Васко миновал Вандомские арочные ворота, где Гаски и их епископ Нонего поместили чудотворное изображение Богоматери,{42} покровительницы нашего города; это изваяние — герб Порто; затем студент проследовал к воротам, которые теперь зовутся воротами святого Себастьяна, и оттуда выехал на все ту же улицу Святой Анны. Он остановился близ арки, увидел, как приоткрылись створки ставней, и расслышал слова, произнесенные тихо, но внятно:
— Хорошо! Спеши же. И ни слова более.
Васко разглядел взметнувшийся в воздух белый платок. Платок падал вниз; Васко подхватил его на лету, почтительно поцеловал и спрятал у себя на груди. Ставни затворились, и он продолжал путь.
Он уже подъезжал к городским воротам, которые об эту пору наверняка не отворились бы для кого-то другого, но тот, кто прискакал из Епископского дворца верхом на великолепном коне, известном всему городу, племянник Жоана да Аррифаны, любимец самого прелата, — у кого мог он вызвать подозрения? Отворили ему ворота и пошли будить лодочников, чтобы переправили его на тот берег Доуро.
Васко ожидал перевозчиков на берегу: под ногами у него был сырой песок, он глядел на журчащие воды реки, прислонившись к гнедому, стоявшему так же неподвижно, как его хозяин, и оба, казалось, размышляли. Печальной и унылой казалась поза студента, печальны и унылы были его размышления. Куда он направляется? Что собирается делать? Что-то выйдет из всех этих опасных приключений, в которые он впутался смеясь и шутя и от которых был теперь не властен уклониться, ибо в своем стремительном водовороте они неотвратимо несли его к неведомым безднам, доныне не представлявшимся ему даже в воображении, — и вот они разверзли перед ним чудовищные пасти, собираясь, быть может, поглотить его, а то и, как знать, погубить то, что ему всего дороже, всего ближе его сердцу.
Слепая любовь к прекрасной Жертрудиньяс, пылкая приверженность делу горожан, которое так близко к сердцу принимала она, ненависть к утеснителям родного края — и в то же время тайный голос, идущий из самой глубины сердца, заступался за неправедного епископа и жестокого властелина, который по отношению к нему, Васко, всегда был сама доброта, сама снисходительность, неизменно и безотказно!..
Каково бесхитростному юношескому сердцу, еще не очерствевшему в столкновениях с несправедливостями света, питать, таить в себе столь взаимоисключающие склонности и чувства?

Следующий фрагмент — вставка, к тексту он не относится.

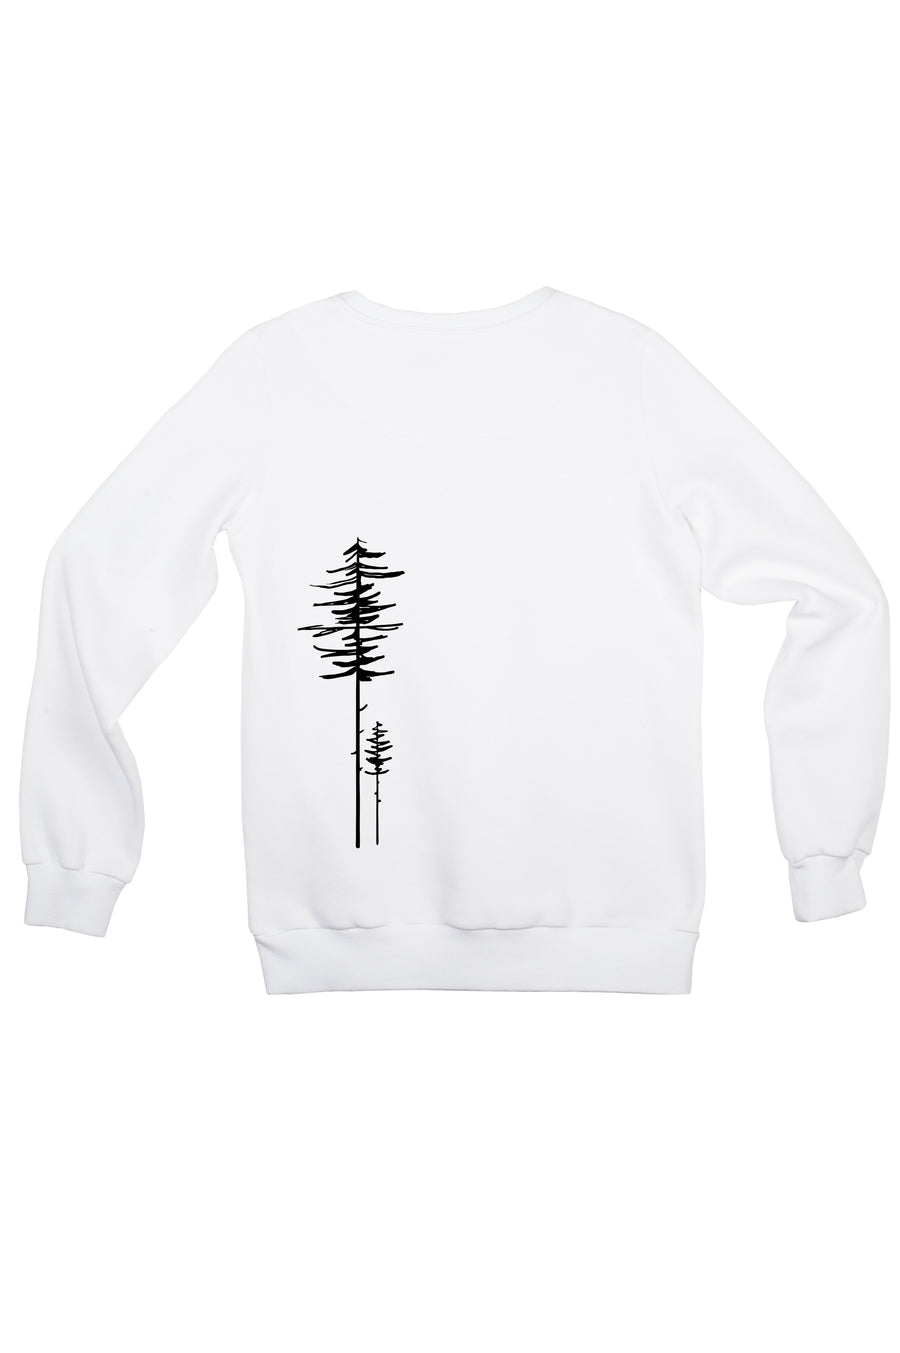 THE TREES Sweatshirt

Настанет время, и сердце юноши изведает разочарования, коварства любви, измены друзей и жестокие уроки всеобщего эгоизма, все это изведает оно, и холод оледенит душу, она перестанет быть подобием создателя, ее сотворившего, станет безобразным и увечным изделием злого демона, ее изуродовавшего.
Время это настанет, но оно еще не настало. Васко впервые испытывает терзания. Его усадили уже на пыточную кобылу, но палачи не взялись еще за дело…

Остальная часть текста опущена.